Since we are dealing with accelerometers, we must remind ourselves of Newton’s equations of motion. Newton’s three famous equations are taught to virtually every student of elementary classical mechanics. These equations are:
- v = u + at
- s = ut + (1/2)at^2
- v^2 = u^2 + 2as
The first and second equations above are of particular interest to us. We need the first equation in order to identify the velocity at which the cursor should move based on the reading of the accelerometer from a tilt of the hand. Likewise, the second equation is needed to determine the relative displacement. In short, our hand motions/tilts result in variable a-values (acceleration), and these equations help us translate the motions/tilts to cursor speed and location on the computer screen.
At a high level, the system has three main blocks. At a high level, the system has three main blocks: the embedded gloves, the microcontroller code, and the MATLAB GUI. Each glove is embedded with a three-axis accelerometer and fitted with copper strips around the pointer finger and thumb to act as contact sensors. For each accelerometer, only the x and y axis is used. A hand-tilt forward corresponds to the positive y-direction, while a hand tilt backwards corresponds to the negative y-direction. Likewise, a tilt to the right corresponds to the positive x-direction while a tilt to the left corresponds to the negative x-direction.
The contact sensors simulate a button click, where pressing the pointer finger and thumb together creates an active-low signal that is sent to the Atmega1284 microcontroller. The x-data and y-data from the accelerometer are sent to an analog-to-digital converter in the microcontroller. The microcontroller transforms this information received from the gloves to update the cursor coordinates. The microcontroller also handles the state of the chess game, maintaining and managing a wide array of state information needed to update the game. The microcontroller continuously creates packets containing the cursor coordinates and other state data and sends them off to a MATLAB application using serial communication. MATLAB continuously requests these packets and parses them to decide how to render and update the graphical user interface that represents the chess board.
Hardware and Software Tradeoffs
A large portion of our project revolved around the software component since all the chess algorithms and serial communication were written in software. Since we only had to sample the analog-to-digital converter once every millisecond, it also was not necessary to have any additional hardware for that purpose. However, we did opt for hardware debouncing when it came to our push-buttons (used to reset the game) and contact sensors (used to simulate a button click) to avoid having to implement a software debounce state machine similar to what we dealt with in previous laboratory assignments. Within the software component, however, there was a tradeoff between what functionality was written in MATLAB and what was written in C. Since this is designated a microcontroller project, we chose to have the microcontroller, not MATLAB, maintain the entirety of the state of the game. MATLAB’s purpose was to render and redraw the GUI according to the information it received from the C portion, although this proved to be quite extensive as well.

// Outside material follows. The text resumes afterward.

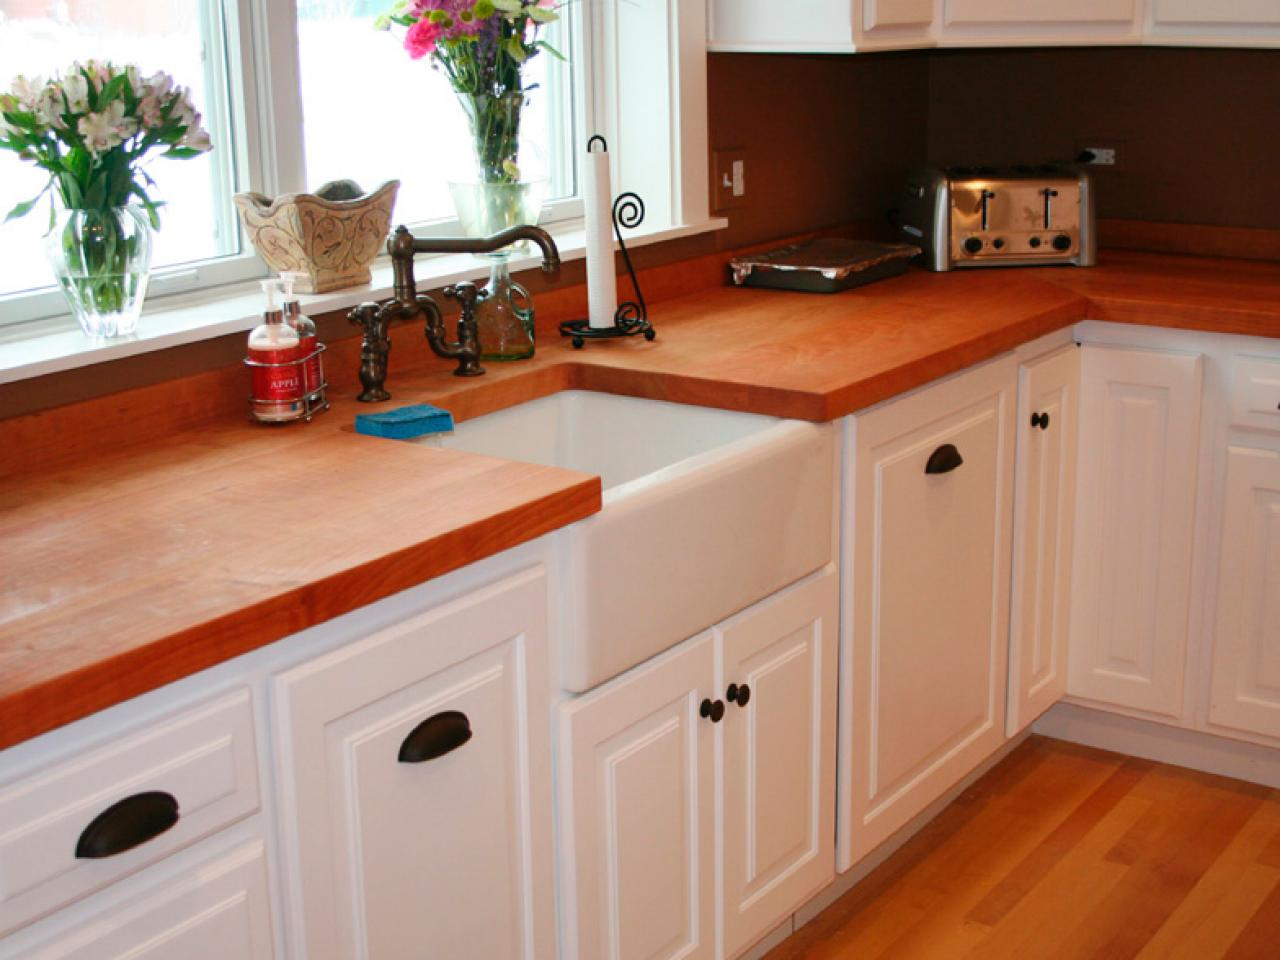 kitchen hardware wall mounted shelves cabinet trends waukesha wi schoenwalder plumbing
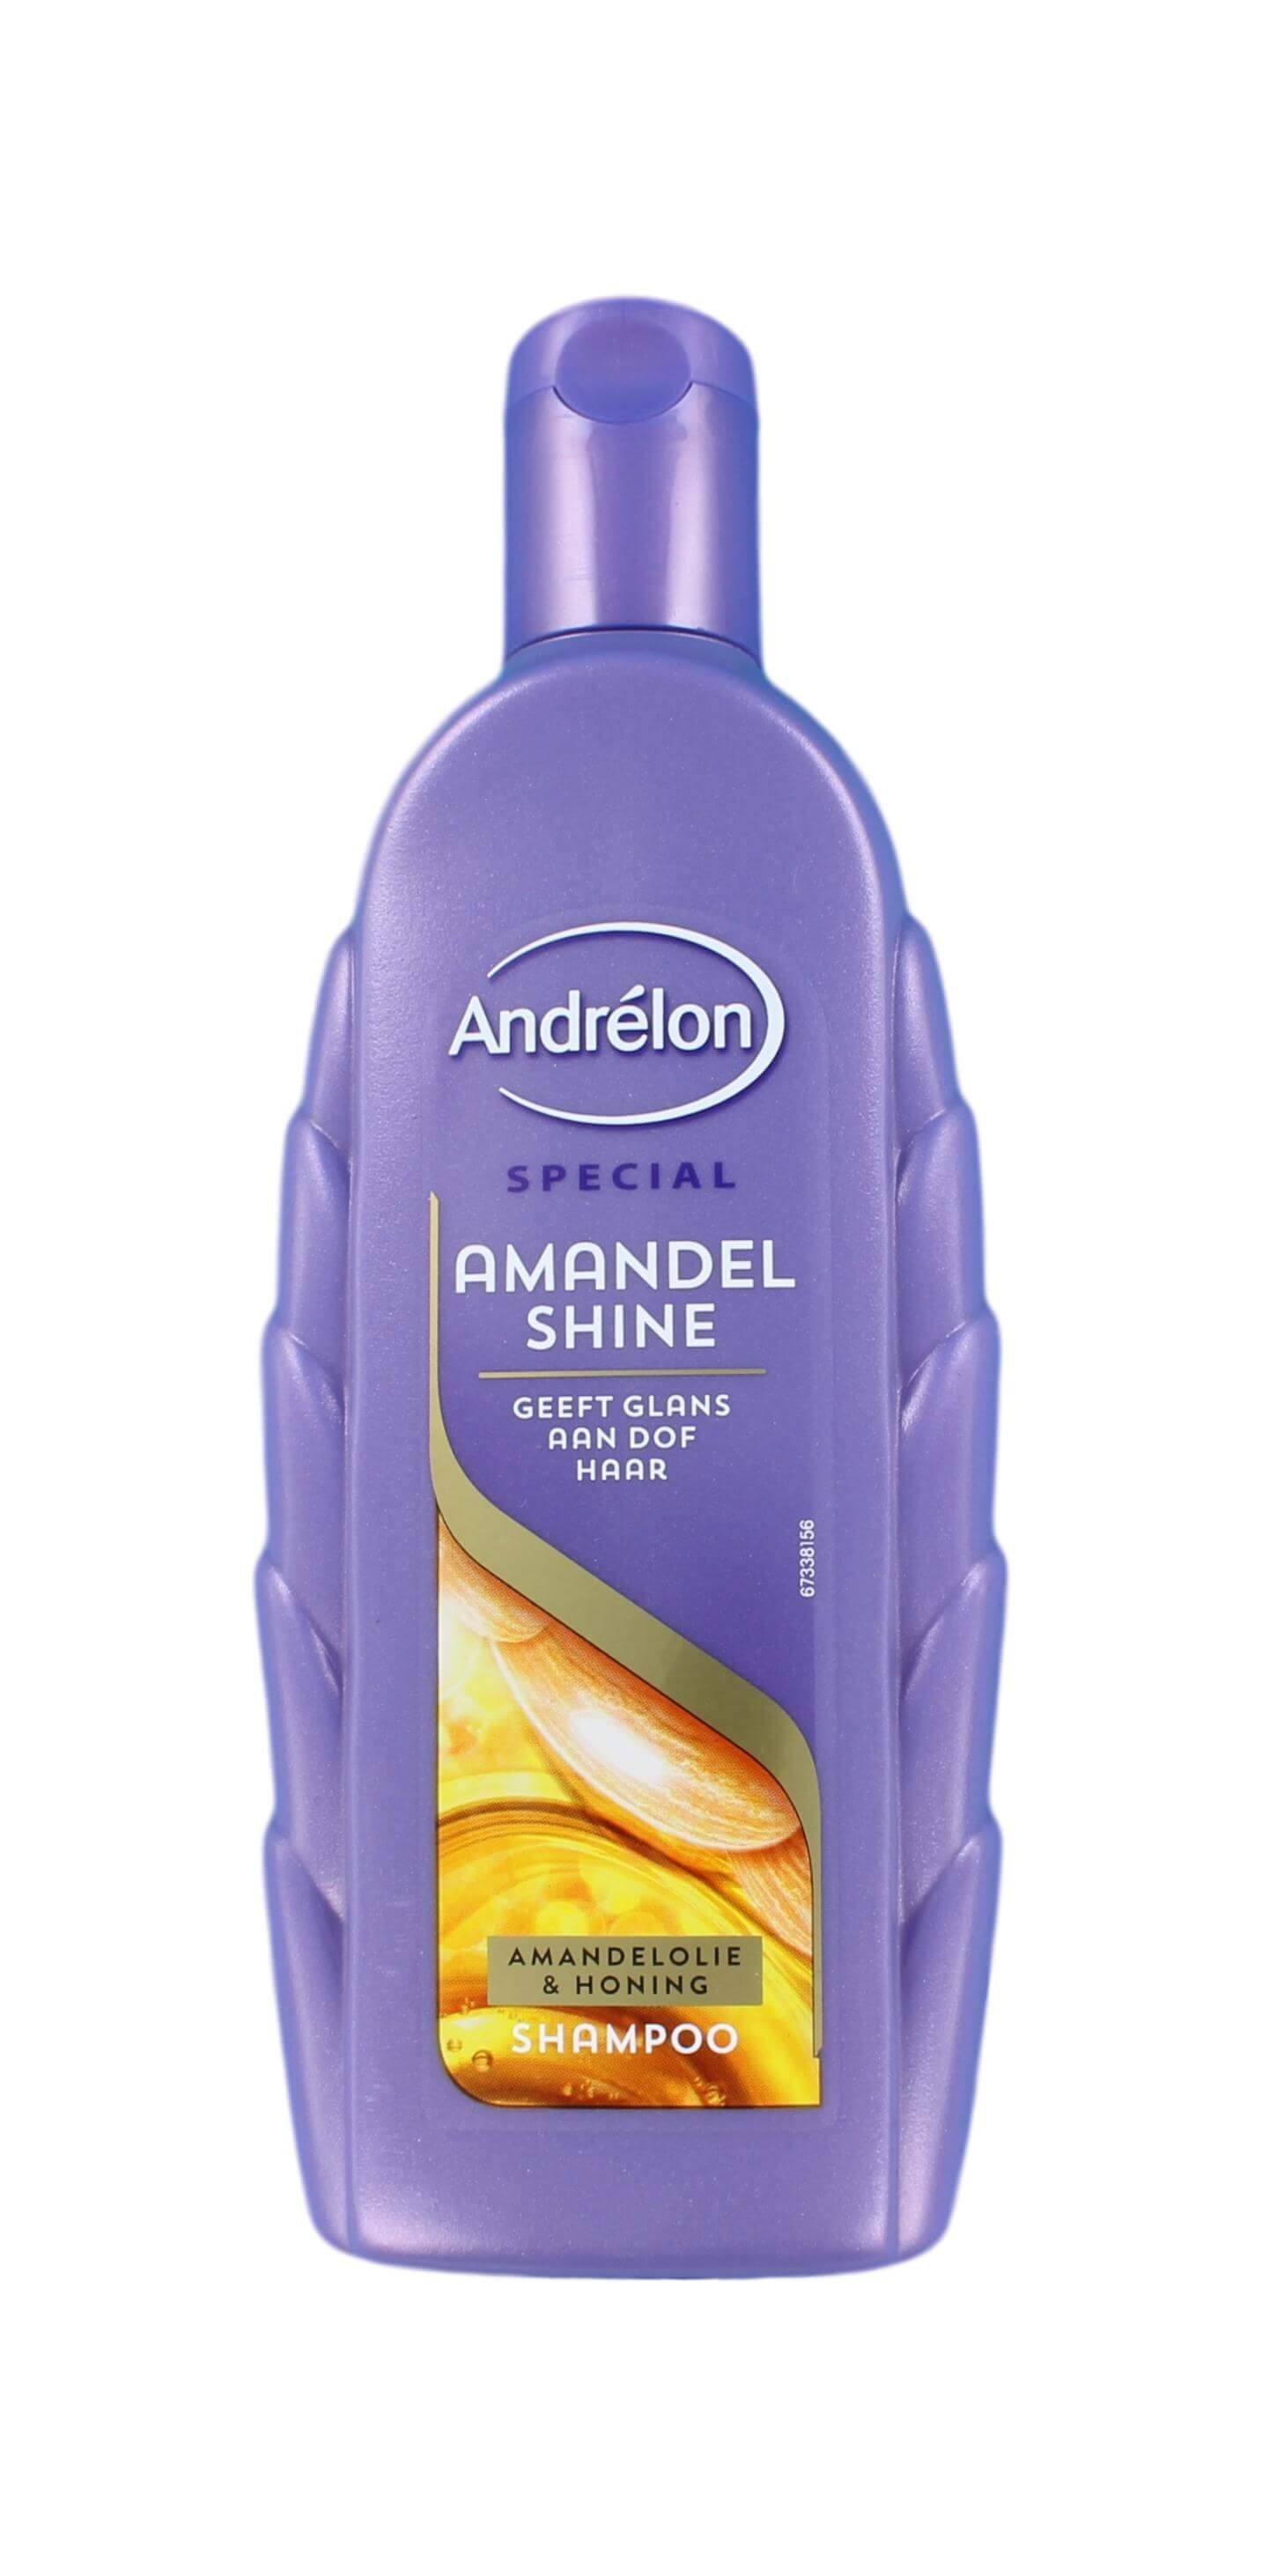 Andrelon Shampoo Amandel Shine bestel je snel en voordelig b

Our initial approach to interfacing the microcontroller with the CPU involved either using the PS2 or USB HID protocol, and hence we expected to abide by the PS2 standard or USB standard and specifications. However, we found that our task would be made simpler by foregoing these standards and communicating with the PC using a serial connection instead. We thought it would be most effective to define our own packet structure (specific to our chess application) for serial communication, and hence did not use any standard in that respect.
To help create the MATLAB graphical user interface, we consulted an open source MATLAB project found on the MATLAB Central File Exchange site. The project, called Chess Master, was written by Suleman Shafqat. We modified the image files provided in his program to construct our own chess piece images.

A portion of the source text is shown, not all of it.